Brief -> Once the line with "T-Shirt NIKE CROP" is found, repeat it and all later lines exactly through the end of the listing below, with the pictures left out.

Raw data ->
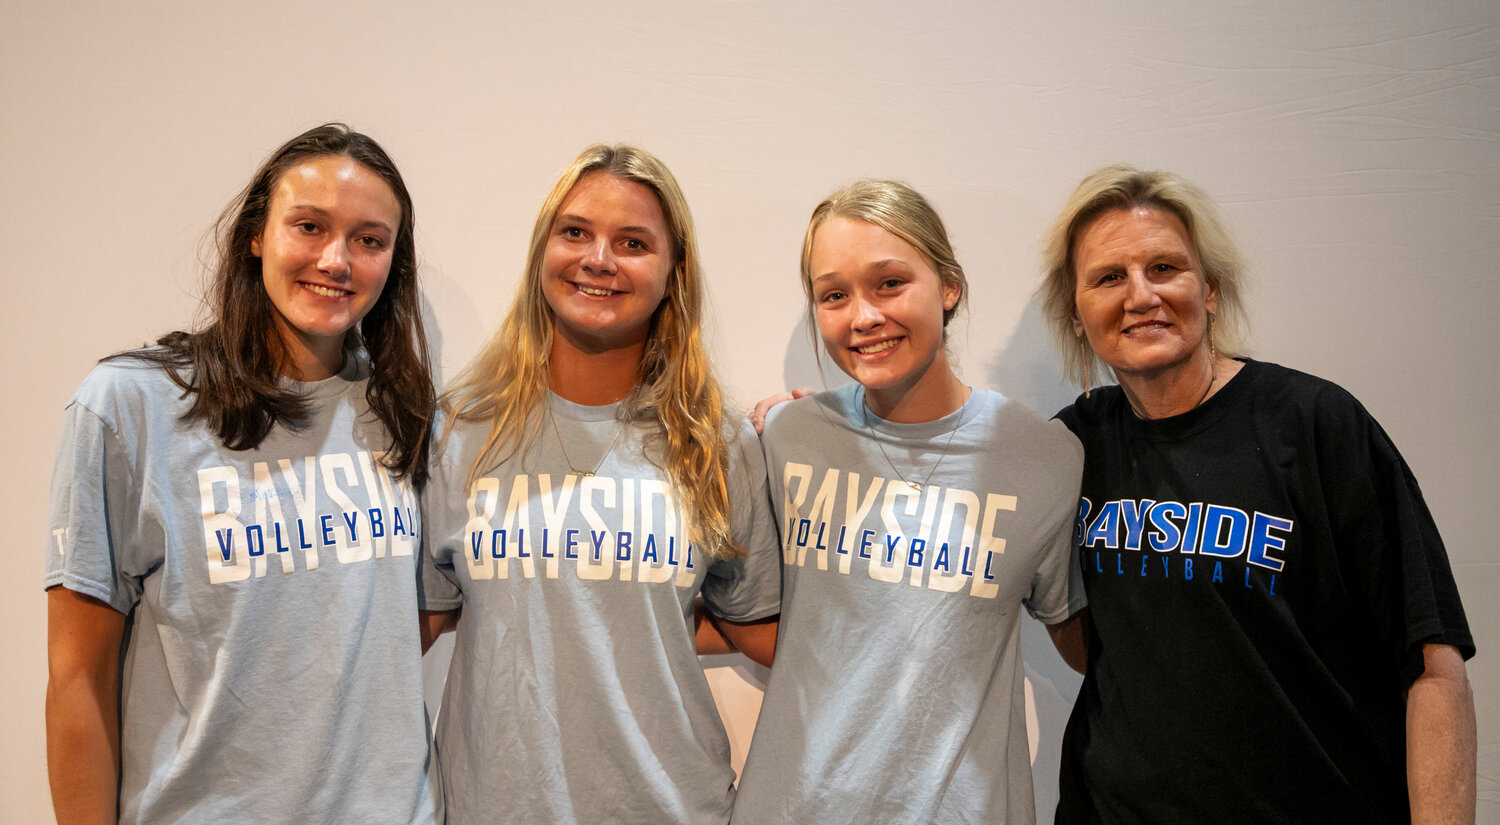 The Bayside Academy Admirals were the first Baldwin County team to take the main stage at the Volleyball Media Day hosted at Daphne High School on Monday, Aug. 7. Pictured from the left are Blakeley Robbins, Maysie Douglas, Misty Kate Smith and head coach Ann Schilling.
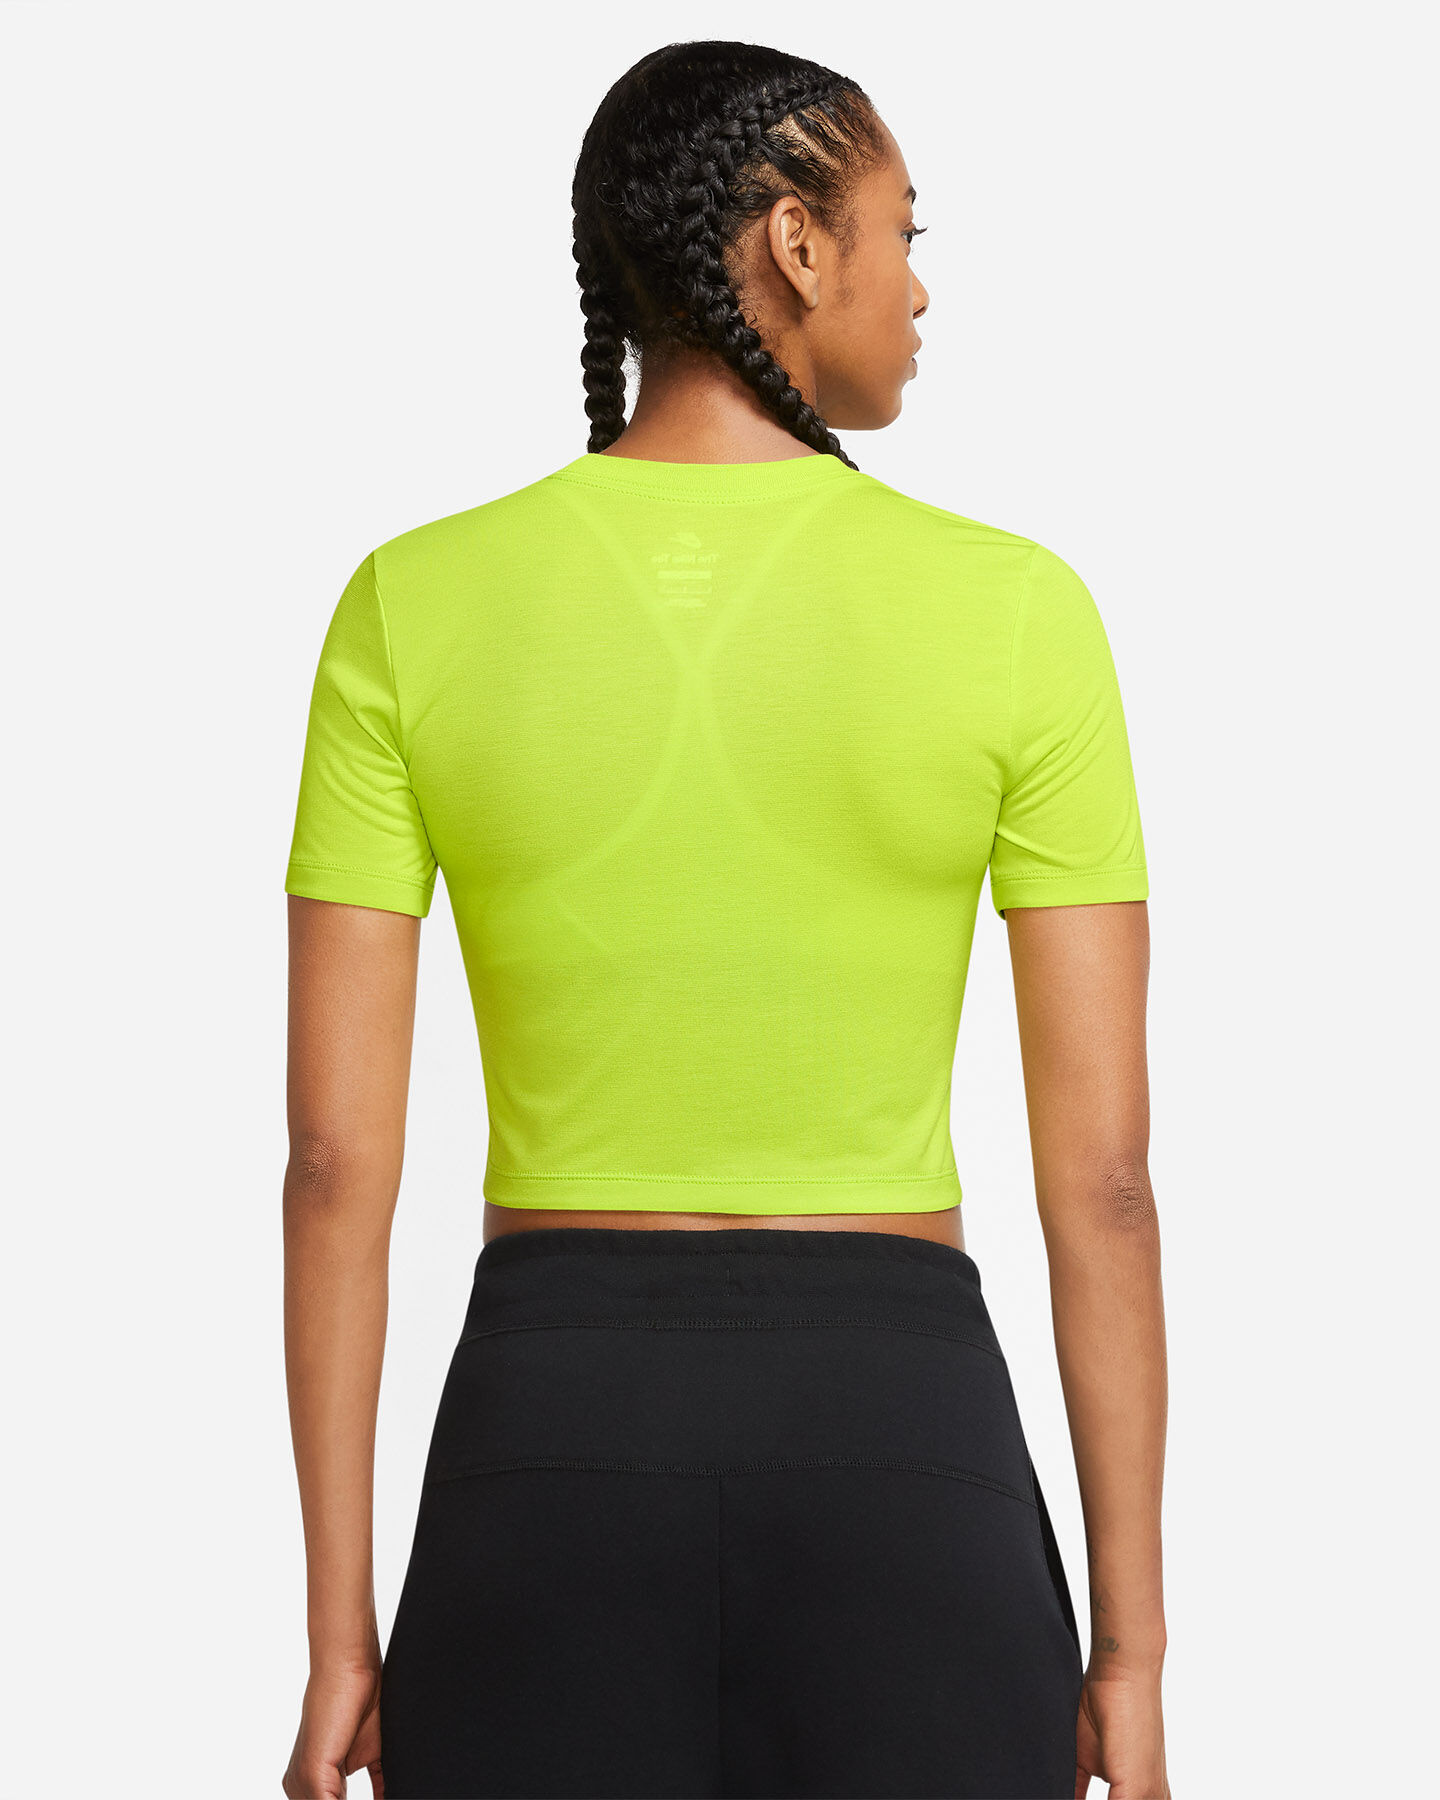  T-Shirt NIKE CROP AIR W S5433801|321|XS scatto 1
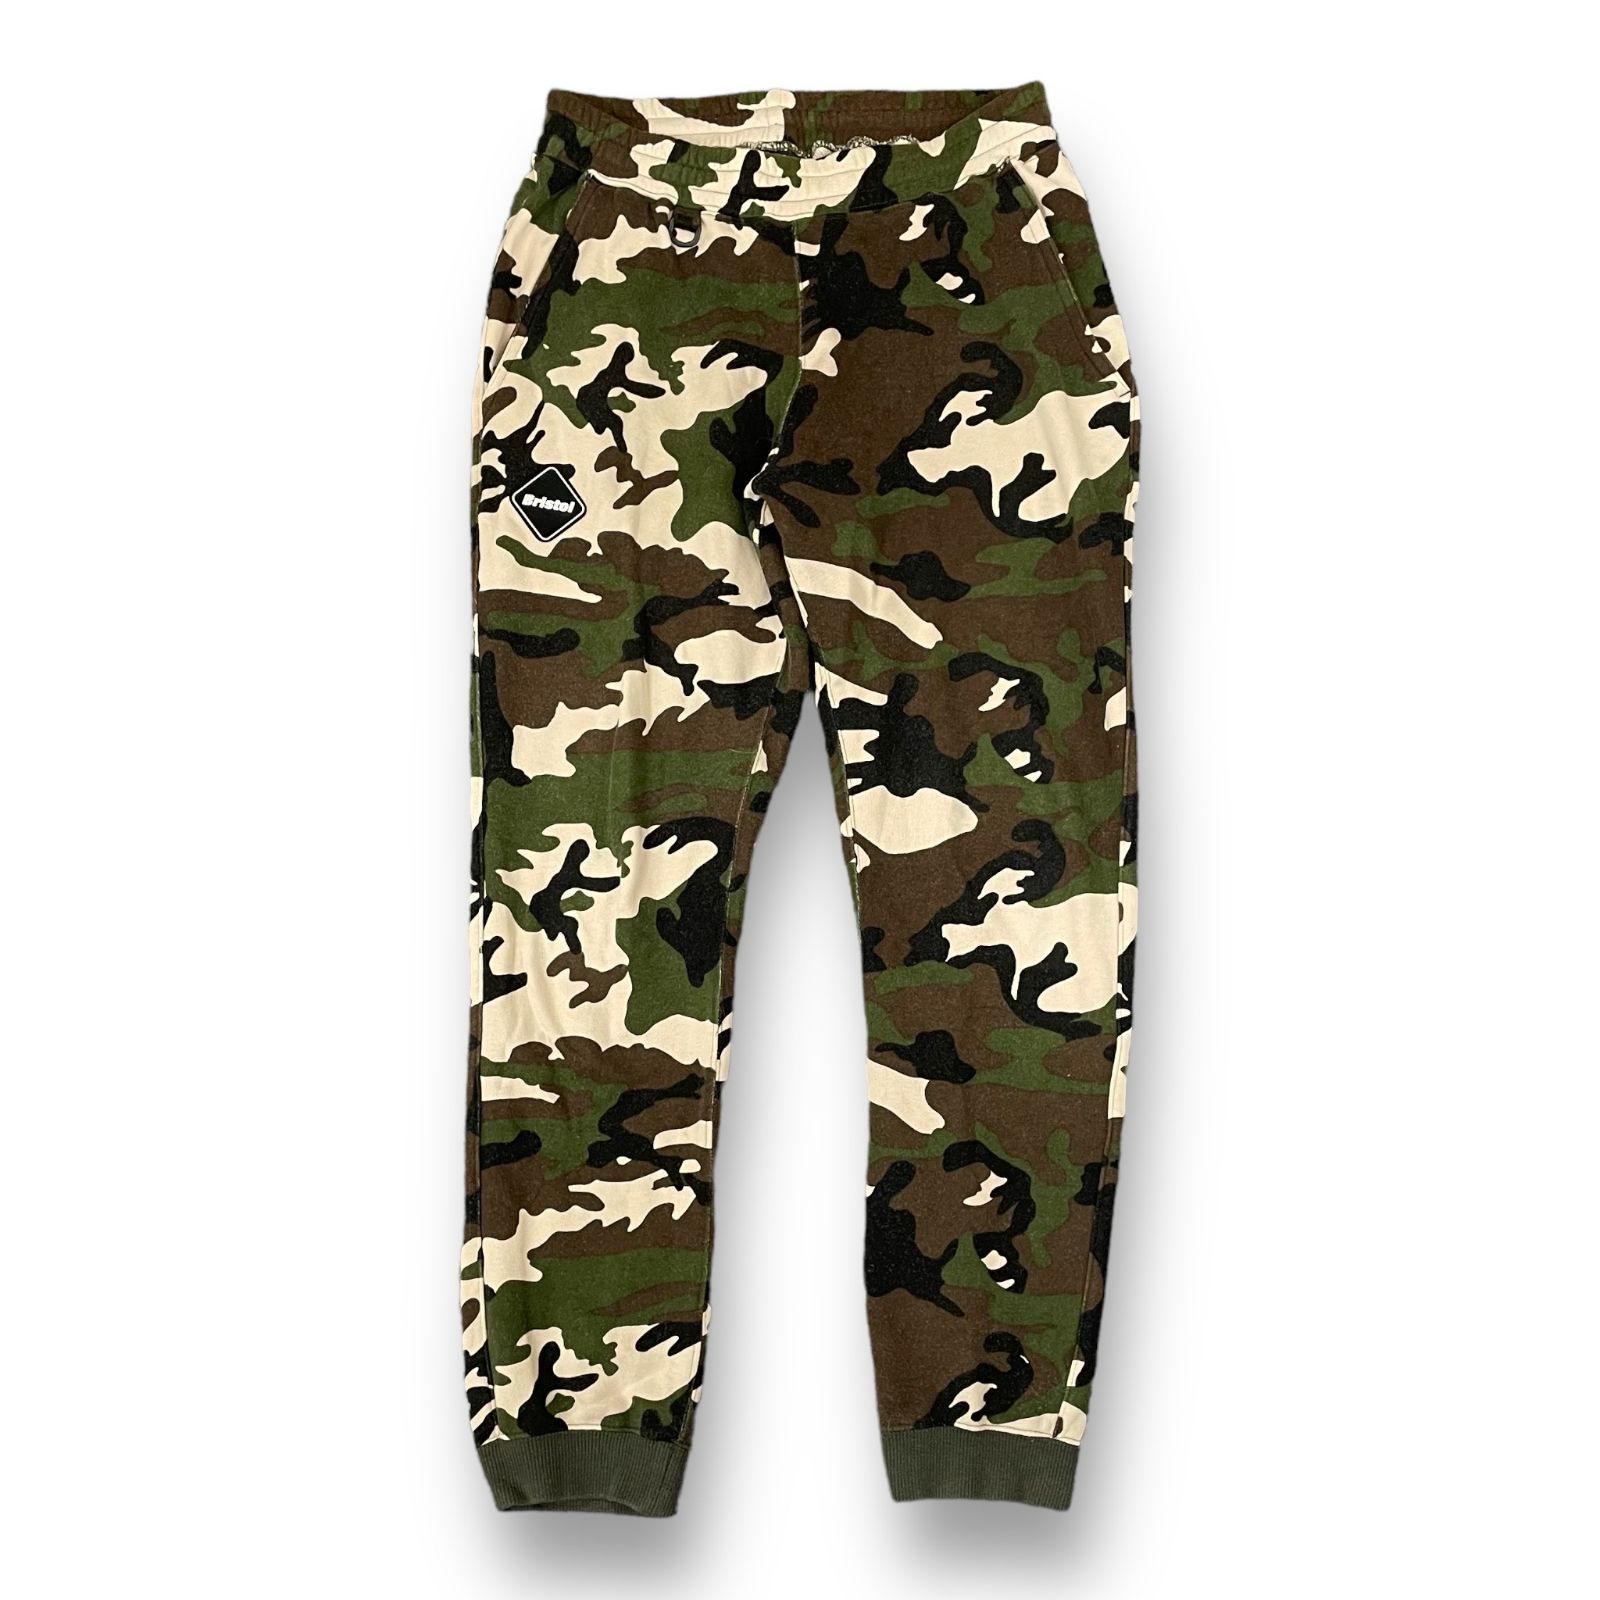 FCRB CAMOUFLAGE EMBLEM SWEAT PANTSその他 - その他

Written answer ->
  T-Shirt NIKE CROP AIR W S5433801|321|XS scatto 1
 FCRB CAMOUFLAGE EMBLEM SWEAT PANTSその他 - その他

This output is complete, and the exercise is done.